The browser access process is as follows:

1. Send the request to the server
2. The server sends the site’s certificate
3. Browser calibration certificate found in the certificate of the site is a trusted certification authority , the certification by
4. Negotiation key communication

Bidirectional encryption

Work encountered a troublesome problem involving fileserver two-way encryption, resulting in a consequence is not using the browser debugging, if you want to debug the api above the browser, you need to import the certificate.

Two-way authentication is only one-way authentication on the basis of the client with the certification, one-way authentication is the essence of the test server side of the reliability, we all think that Alipay is safe, but any phishing sites can forge Alipay website, how Can we think that we visit the official website? The client needs to authenticate the web service provider at this time to make sure it is not forged.

And two-way authentication is based on the client to verify, such as some very important services need to use internal or small partners to use, through the API to provide these services, then only trusted customers can get the data.

Nginx configuration bidirectional authentication

Two-way authentication nginx configuration as shown in Figure 3:

Nginx bidirectional authentication configuration

In addition to configuring the server’s certificate, we see that the fileserver is configured with a client certificate that is used to issue the root certificate of the client certificate.

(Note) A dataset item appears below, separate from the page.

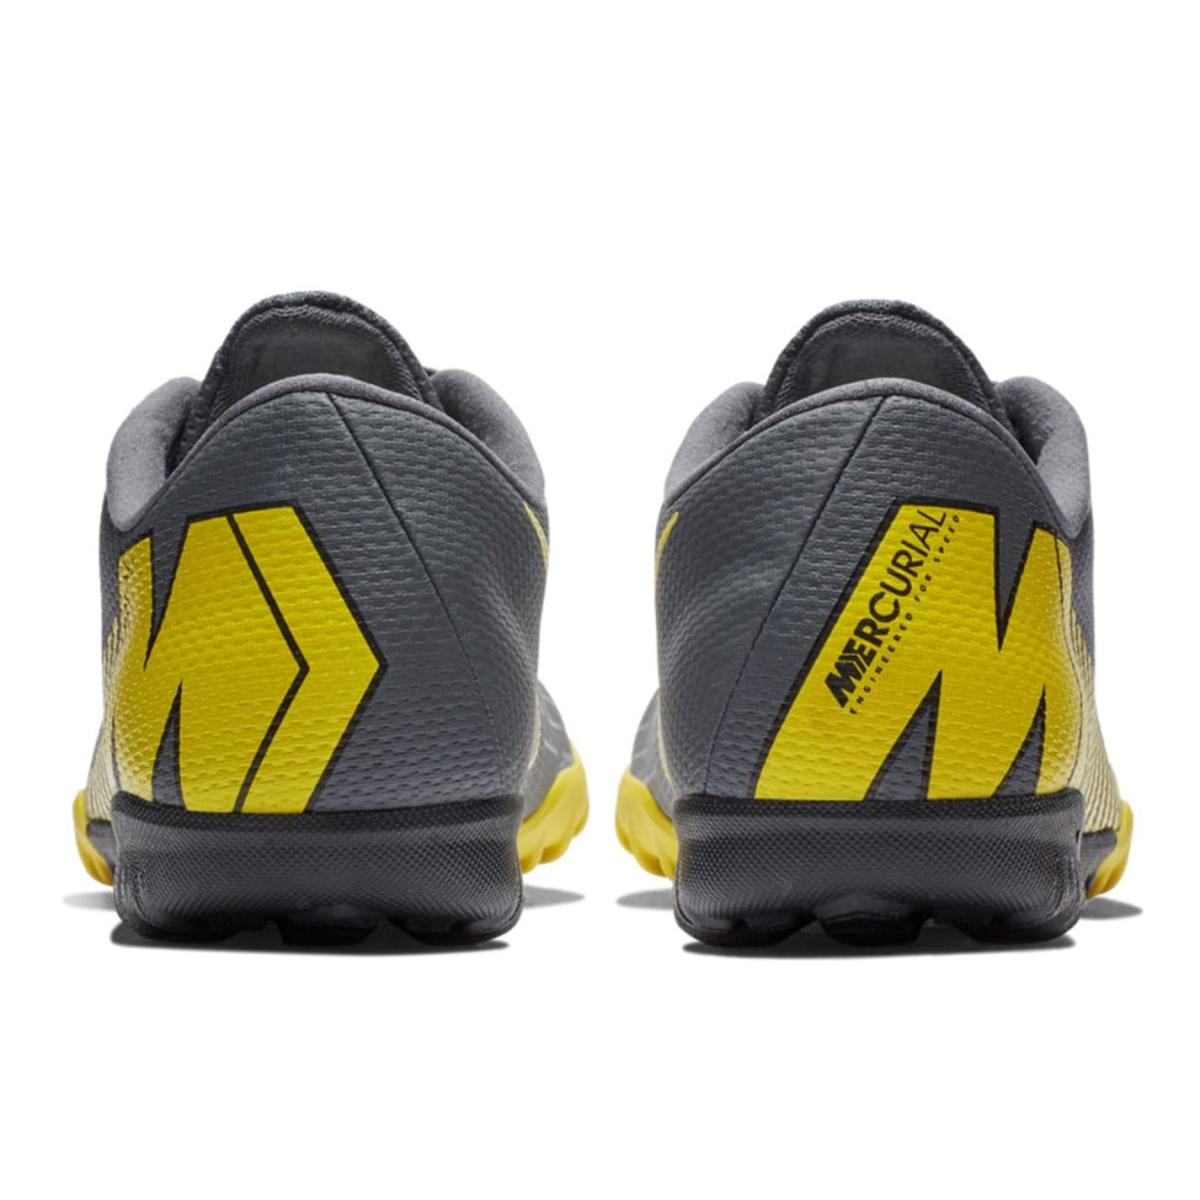 Nike Mercurial Vapor Academy Fußballschuhe Astro Turf AT Herren 1048

In principle, the certificate should be generated by the service provider itself, rather than by other public agencies , The service provider to generate this certificate, used to issue a certificate to pay customers, customers get the certificate before they can use the appropriate service, the configuration completed the need to open ssl_verify_client switch to verify the identity of customers.

Two-way authentication process

Two-way authentication is the server and the client through mutual authentication each other’s certificate to ensure that the other’s credible, the certification process as shown in Figure 4:

SSL bidirectional authentication process

The premise of two-way authentication is to get the other side of the root certificate, that is, issue a certificate, and then use the certificate issued to verify the other party’s certificate is credible.

Fileserver SSL

Fileserver use two-way SSL encryption, the root certificate is generated by their own, the client’s root certificate is generated by their own, in which case, the client and the service root certificate can be the same, so more convenient.

From Figure 3 we see that the server sends the client certificate is server.cert, the server’s private key stored in the server.pkey, the client’s root certificate is CA.cert, the client’s certificate must be by this CA.cert Certificate issued.

Nginx configuration

As shown in Figure 3.

Server certificate

Server-side certificate is server.cert, in the fileserver_v2 svn there is a key directory, which saved the client side of the client’s certificate information, we can package the server’s root certificate server / CA.cert into their own browser’s trusted In the root certificate , to verify the server’s certificate.

Client certificate

Client certificate stored in the key /device/ directory below, we need to configure the client’s root certificate in nginx, used to verify the credibility of the customer, we also need to import the browser above the user’s personal certificate /device/device .cert, when we send the request to the server, we carry the certificate, so that the server to verify our identity.

Here because the fileserver key directory below the user’s personal certificate in the password, so when the importation of personal certificates is not allowed to pass, and the password we do not know, but also can be used, we can use the client’s root certificate issued a New certificate, so the password is dispensable, we still can through the server-side of the verification.